(TASK ITEM): Copy the complete listing word for word, but do not carry over any images.

(SOURCE DATA):
Start of Block
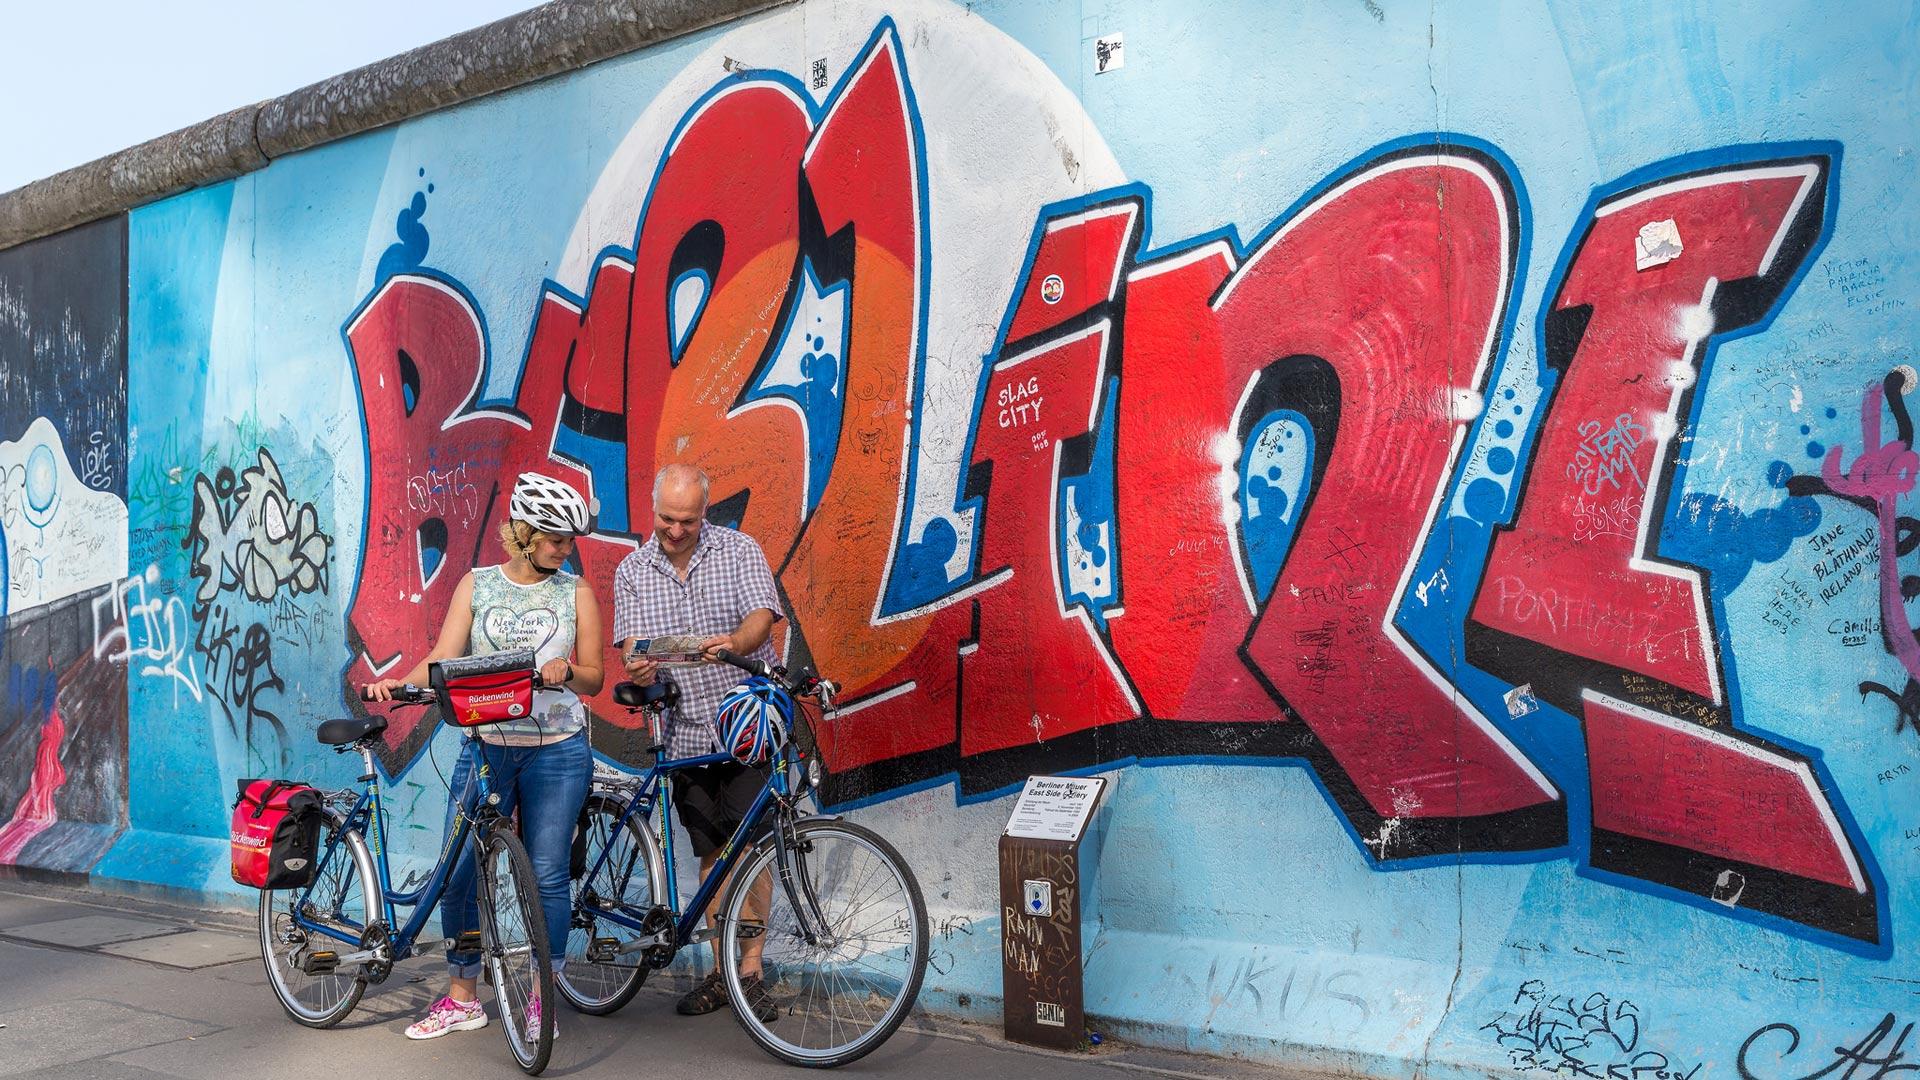 De muur in Berlijn, een van de highlights tijdens een fiets-vaarvakantie in Berlijn. © SE-Tours
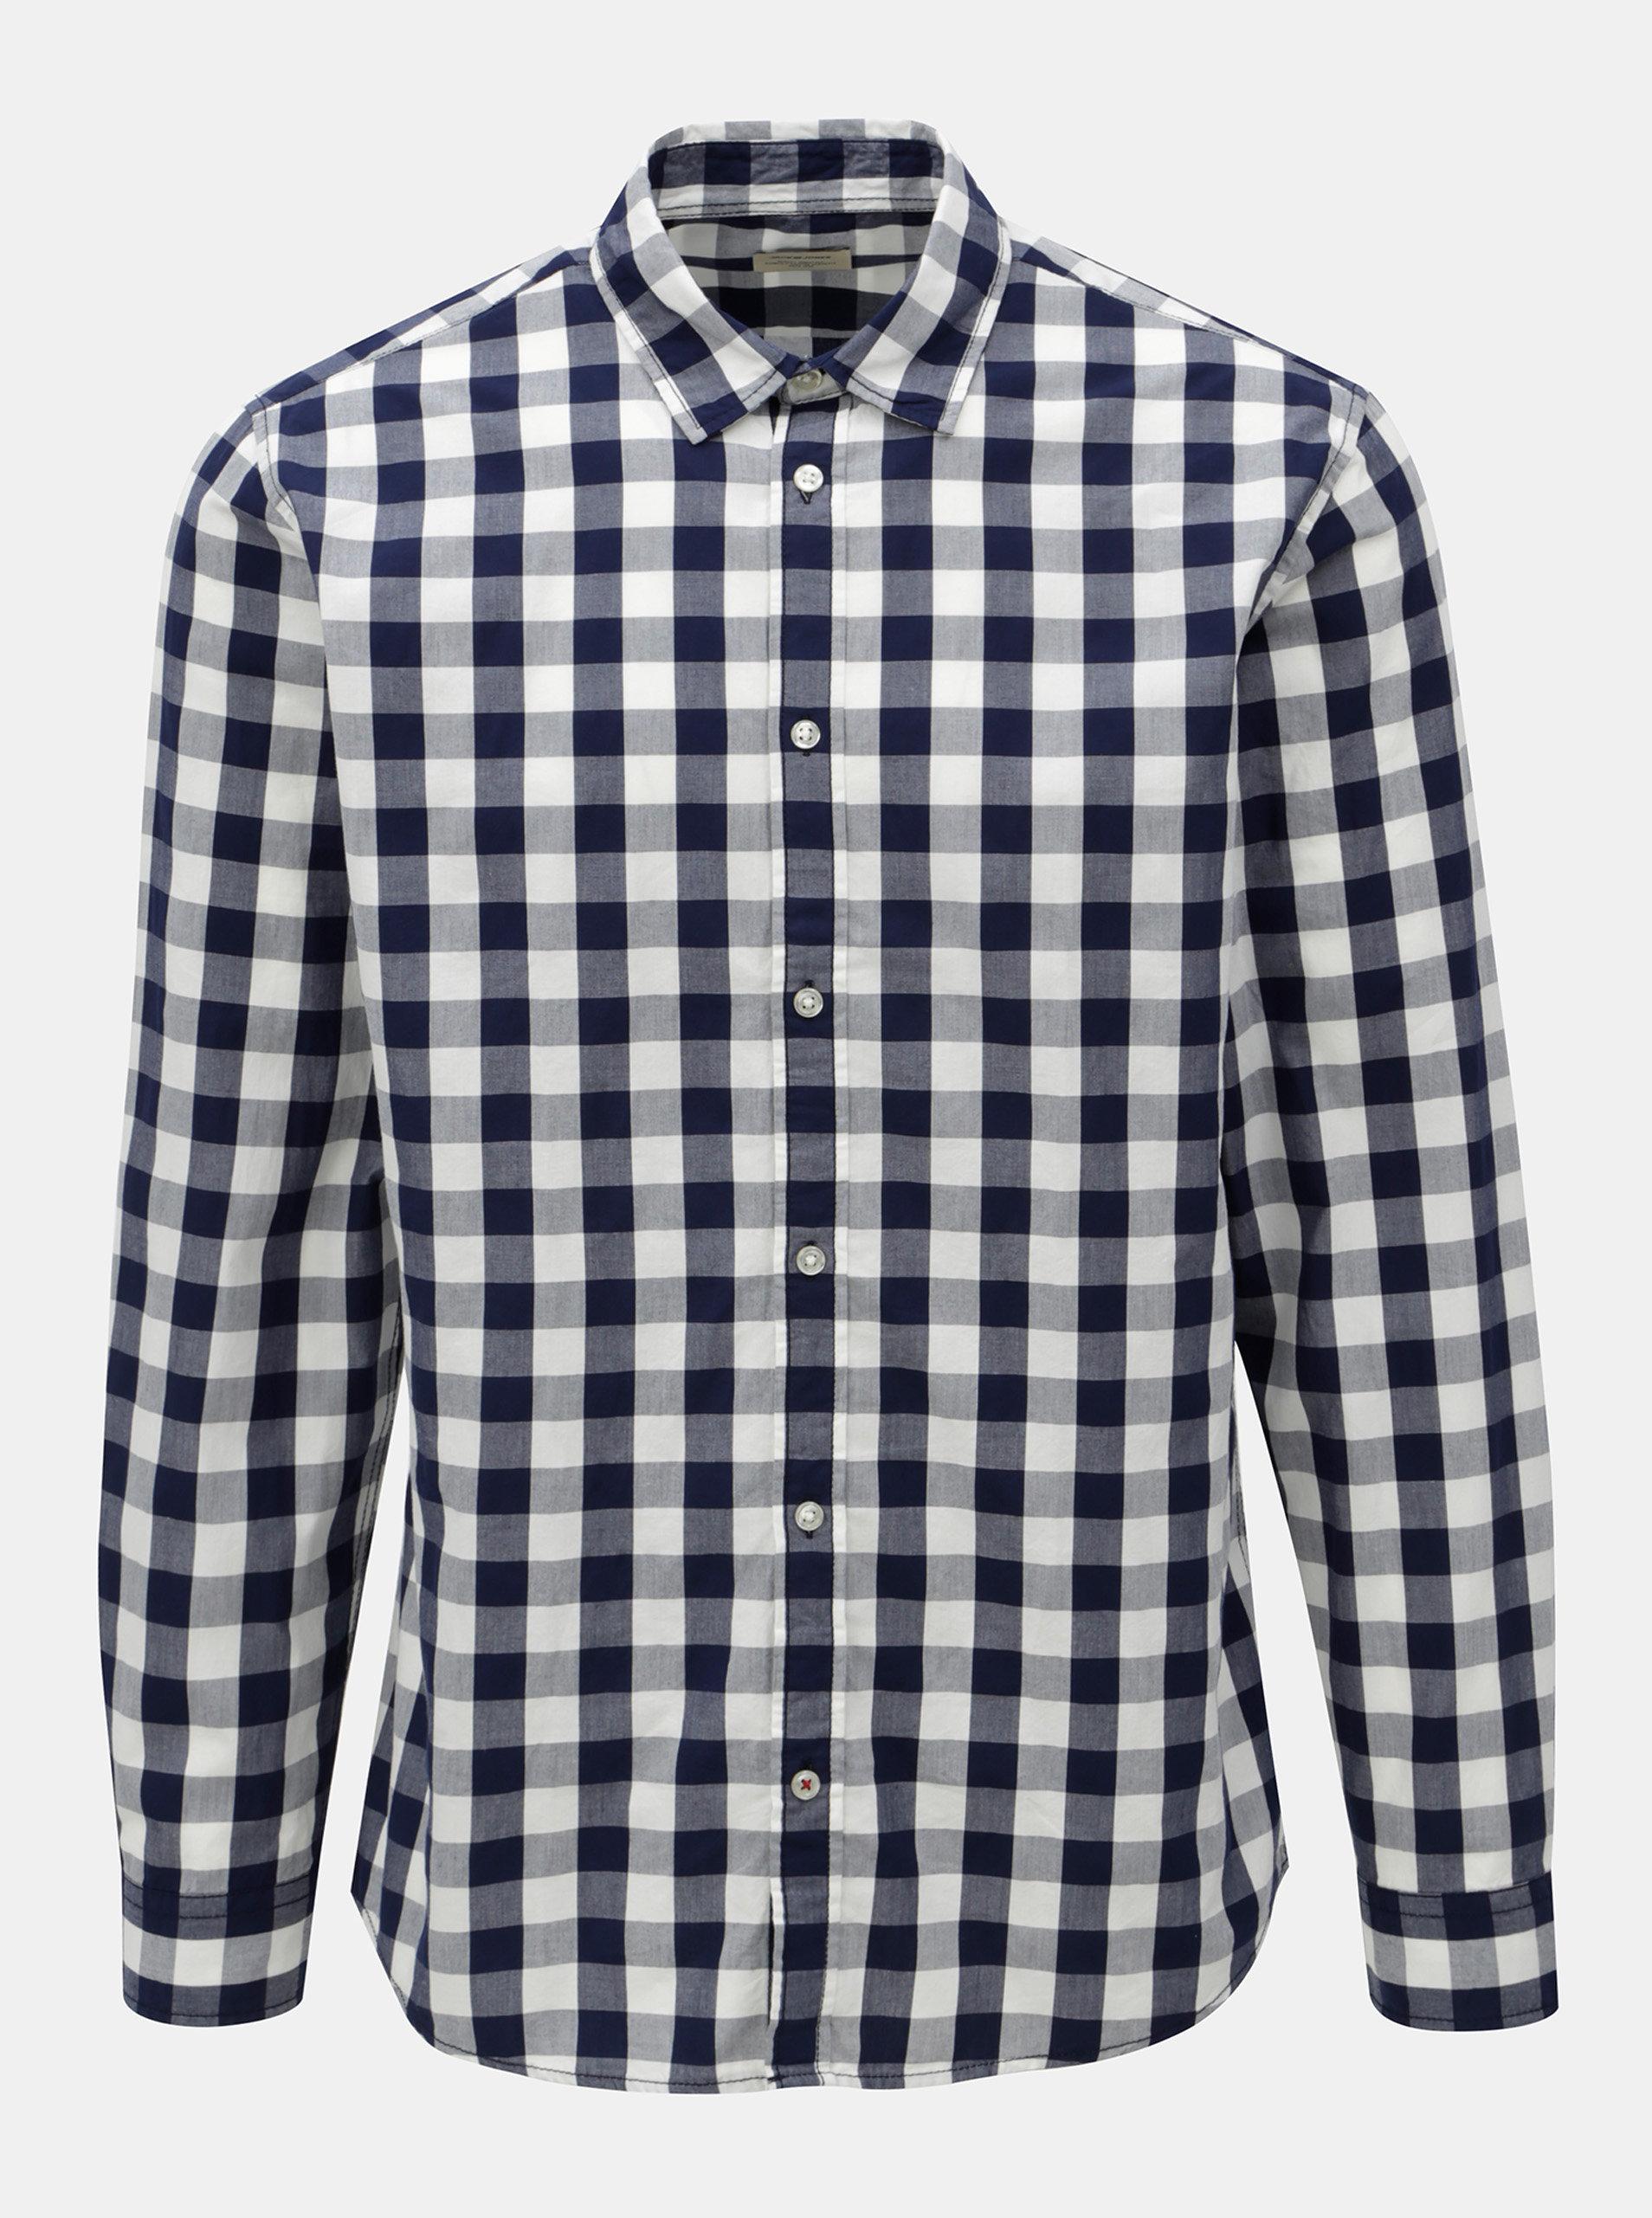 4baeaf9147b5 Bielo-modrá kockovaná košeľa s dlhým rukávom Jack   Jones Gingham ...
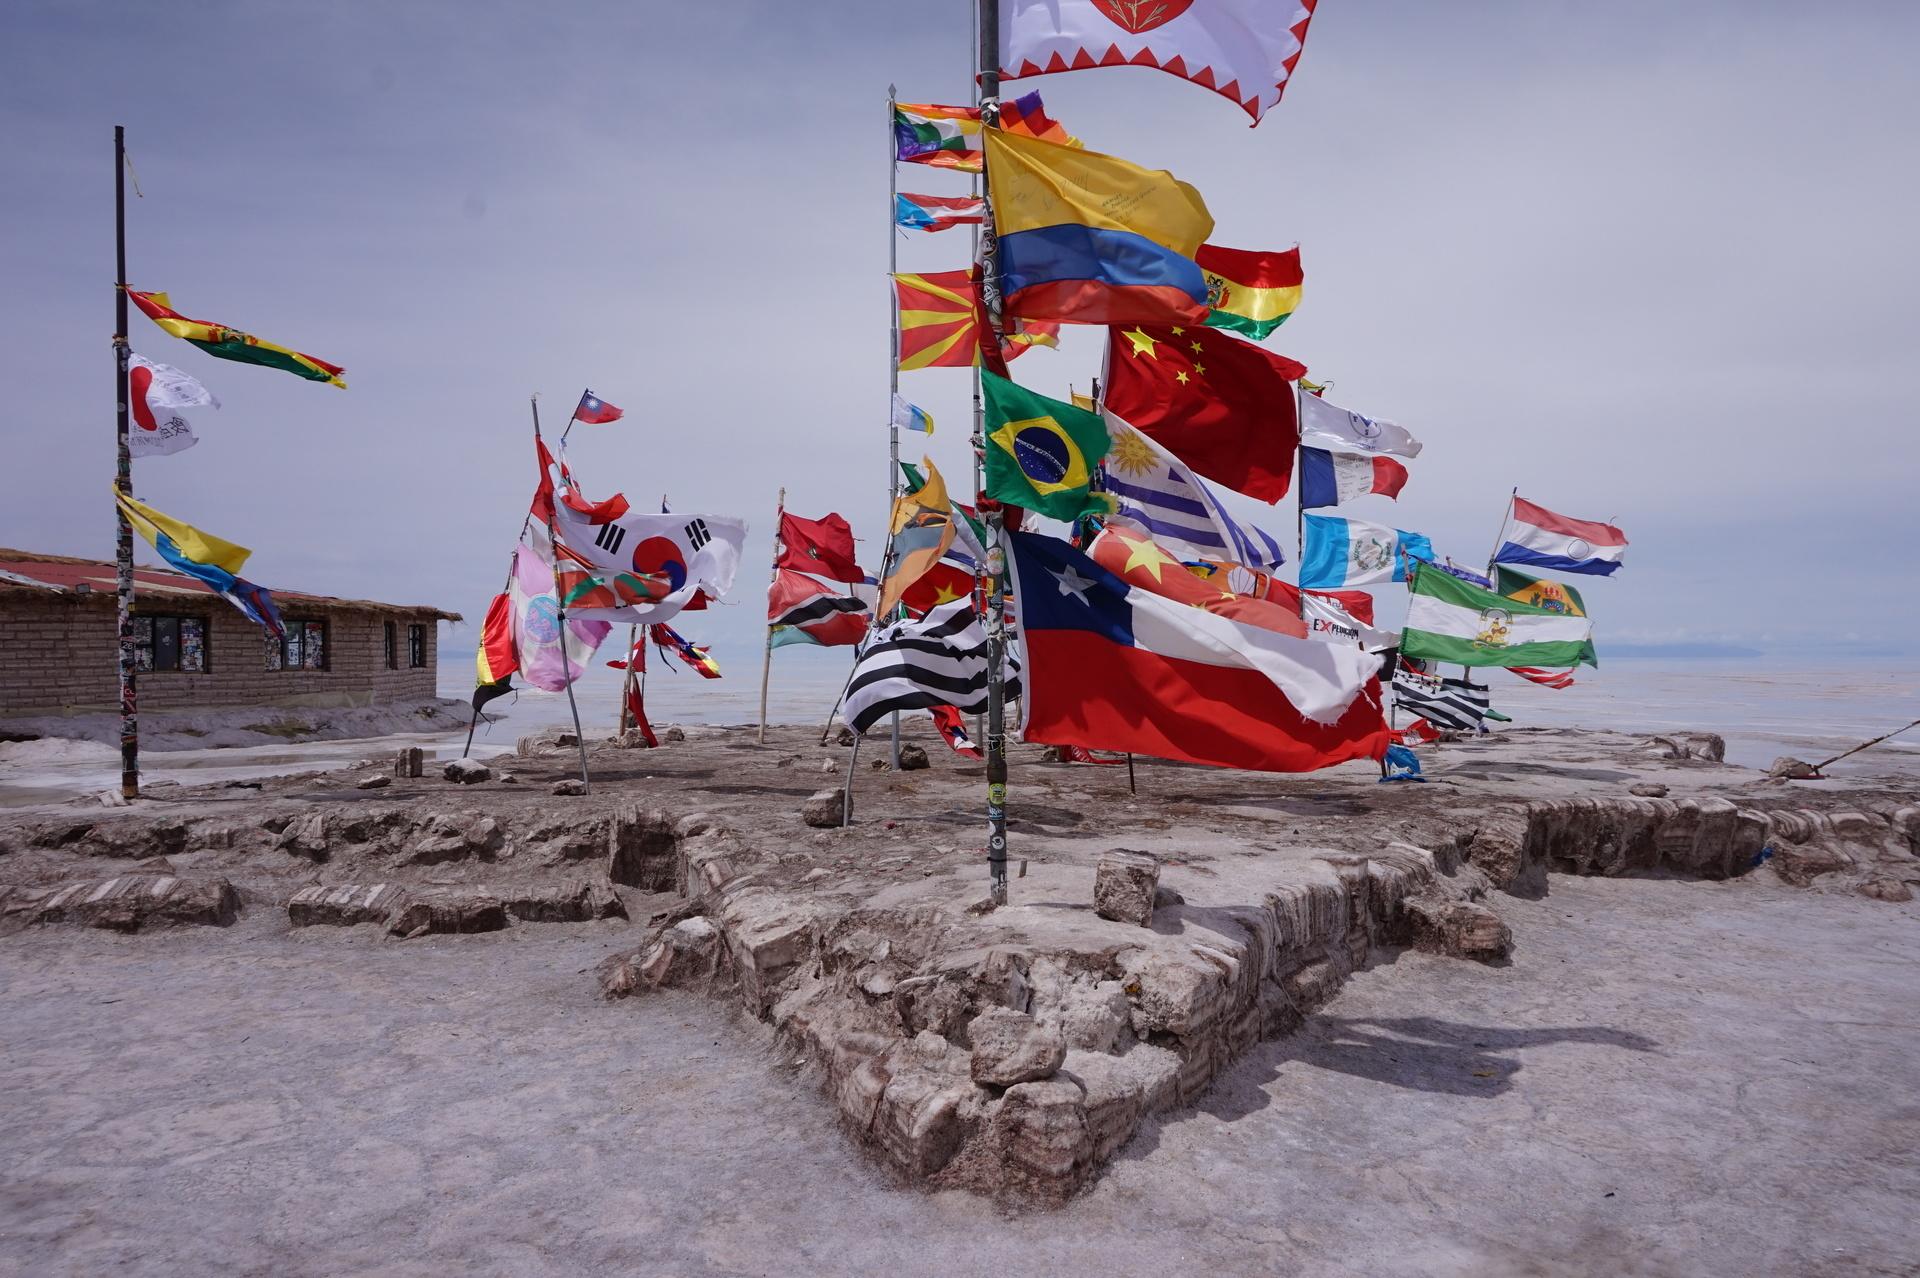 チリ ボリビア ウユニ旅行 2泊3日ツアー サンライズ 星型
End of Block
(SOLUTION):
 De muur in Berlijn, een van de highlights tijdens een fiets-vaarvakantie in Berlijn. © SE-Tours
 4baeaf9147b5 Bielo-modrá kockovaná košeľa s dlhým rukávom Jack   Jones Gingham ...
 チリ ボリビア ウユニ旅行 2泊3日ツアー サンライズ 星型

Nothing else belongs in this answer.